Automated generation of nucleotide sequence samples
MGL provided for automated generation of the nucleotide sequence samples. The samples of various genes components (promoters, introns, exons, splicing sites, polyadenylation sites, etc.) are generated based on semantic analysis of the FEATURE TABLE of the EMBL database. The semantic analysis includes checking the information for compliance with the basic principles of the eukaryotic gene organization. The system MGL provided the user with two modes of sample generation: (1) completely automatic and (2) allowing errors to be manually corrected. In the first mode, the system would try to correct the error in the gene structure description by itself based on the available knowledge; in the second case, the user would have to correct the gene structure description, and then the system would analyze it again.
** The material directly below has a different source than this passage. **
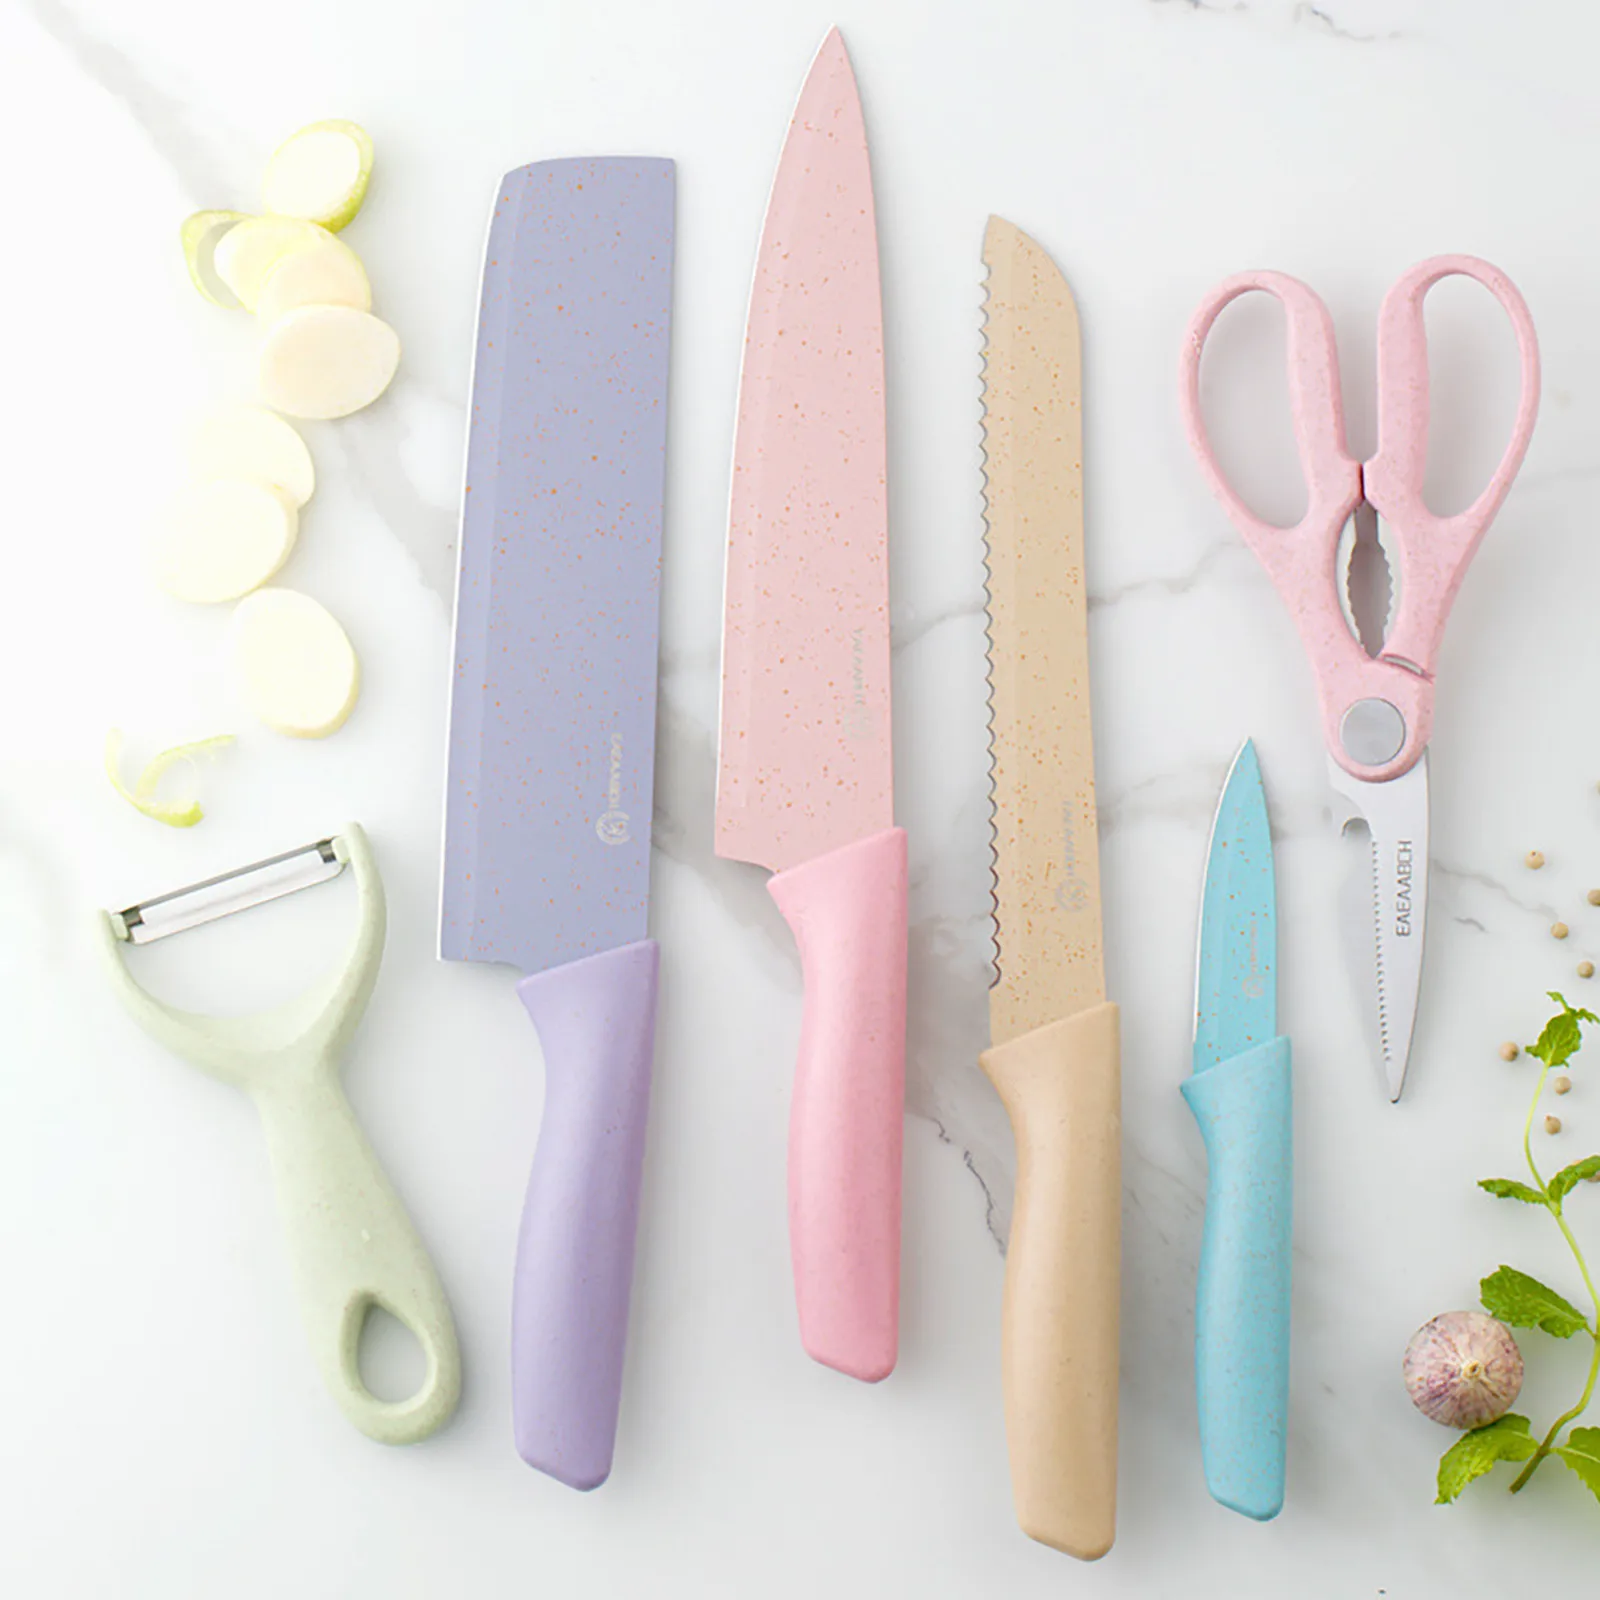 https://ae01.alicdn.com/kf/S14aa5c3ca34c4e1a8cc0246b5551cf08t/6pcs-sets-Colorful-Kitchen-Knives-Set-Stainless-Steel-Kitchen-Knife-Set-Without-Block-Cute-Fruit-Knife.jpg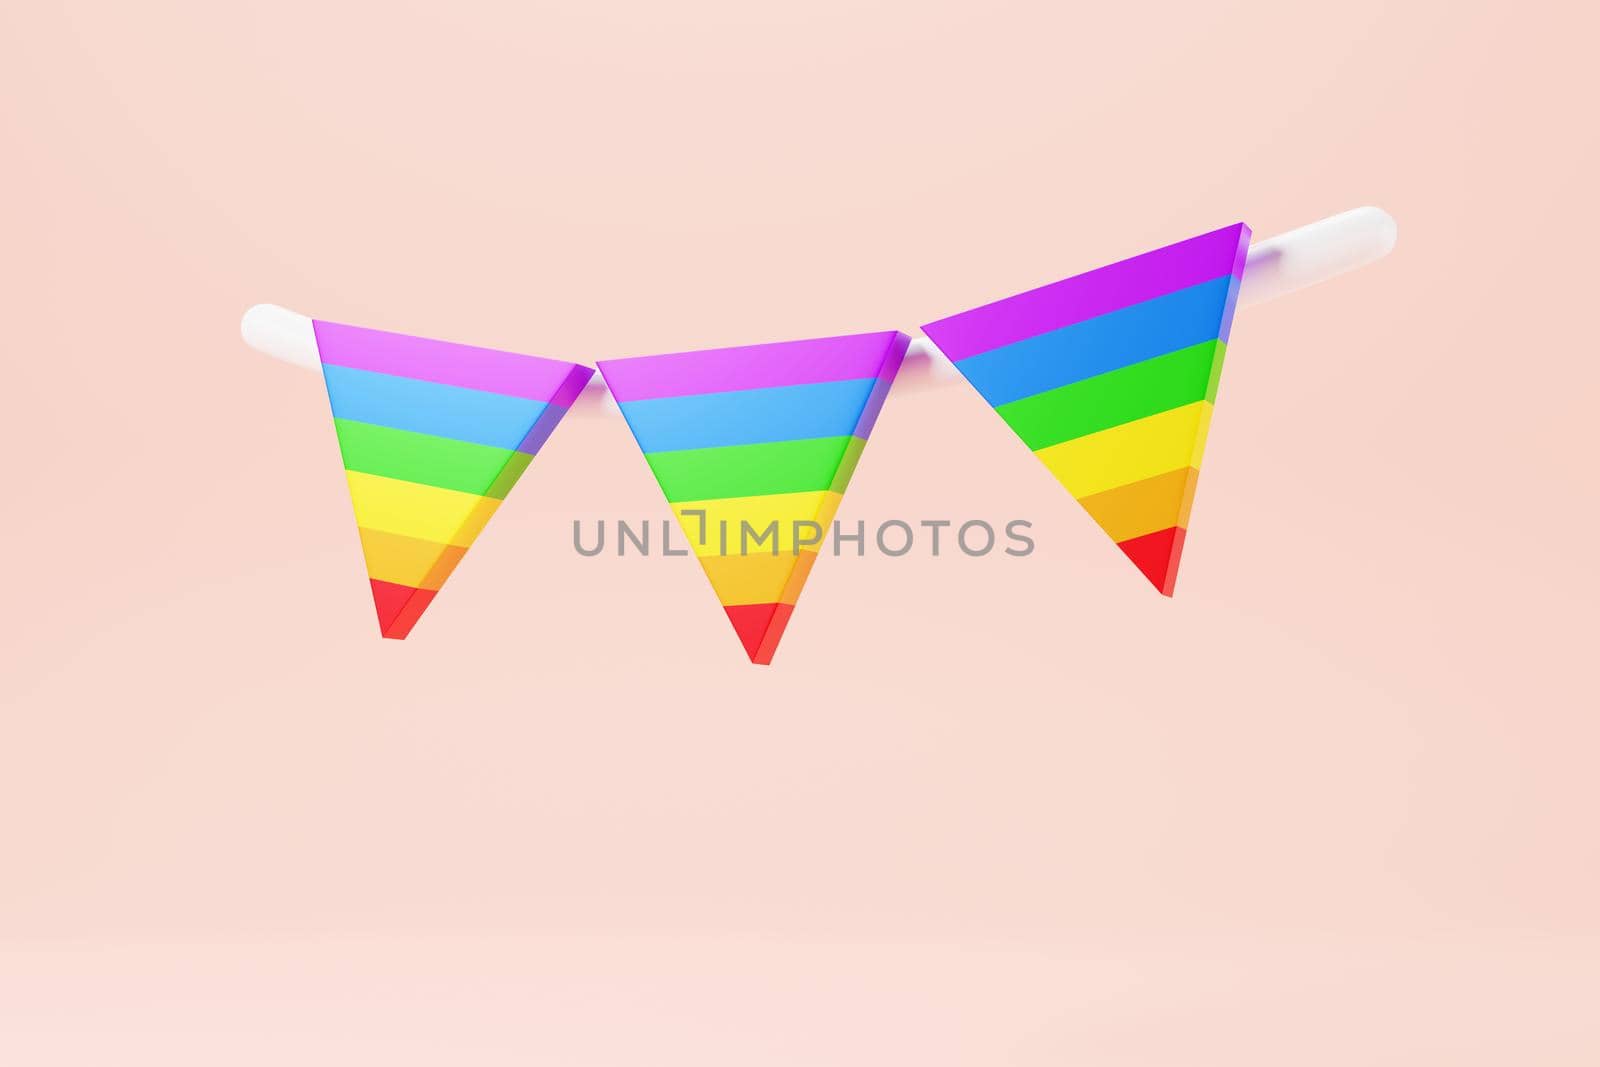 PRIDE Flag symbol for LGBTQ+. 3D Randering.

While generating the samples of promoter regions and transcription factor binding sites, the system MGL used the EMBL database as a source of nucleotide sequences and the EPD and TRRD databases as a source of the data on location of the corresponding functional sites in these sequences.
Methods for nucleotide sequences analysis
The computer system MGL contained a wide range of tools for analysis of nucleotide sequences including calculation of nucleotide and oligonucleotide compositions; pairwise general and local alignments; rapid estimation of pairwise general alignment significance; calculation of the number of synonymous and nonsynonymous substitutions; analysis of leader sequences; calculation of similarity profiles for groups of functionally related sequences basing on their pairwise local alignments; search for transcription factor binding sites, etc.
Visualization of the information from databases and the results obtained
The system MGL also allowed the information from databases and the results obtained to be represented graphically. For example, the data from EMBL would be represented as a scheme of the structure of the gene and its functional sites; the data from TRANSFAC® Professional database and TRRD, as graphical maps of gene regulatory regions. Various functional sites found as a result of the analysis performed could be also represented as a graphical map.
Automated recording of operation
Automated recording of all the steps of operation was an important characteristic of the MGL system. For this purpose, the system would create a special file, serving as a working logbook. This file contained the dates of generation of the samples and performance of the analyses of nucleotide sequences, names of the functions and their options used, names of the files containing the samples generated and the results obtained, messages of the system in the course of operation, etc. This gave the user complete information on the process of automated sample generation and sequence analysis.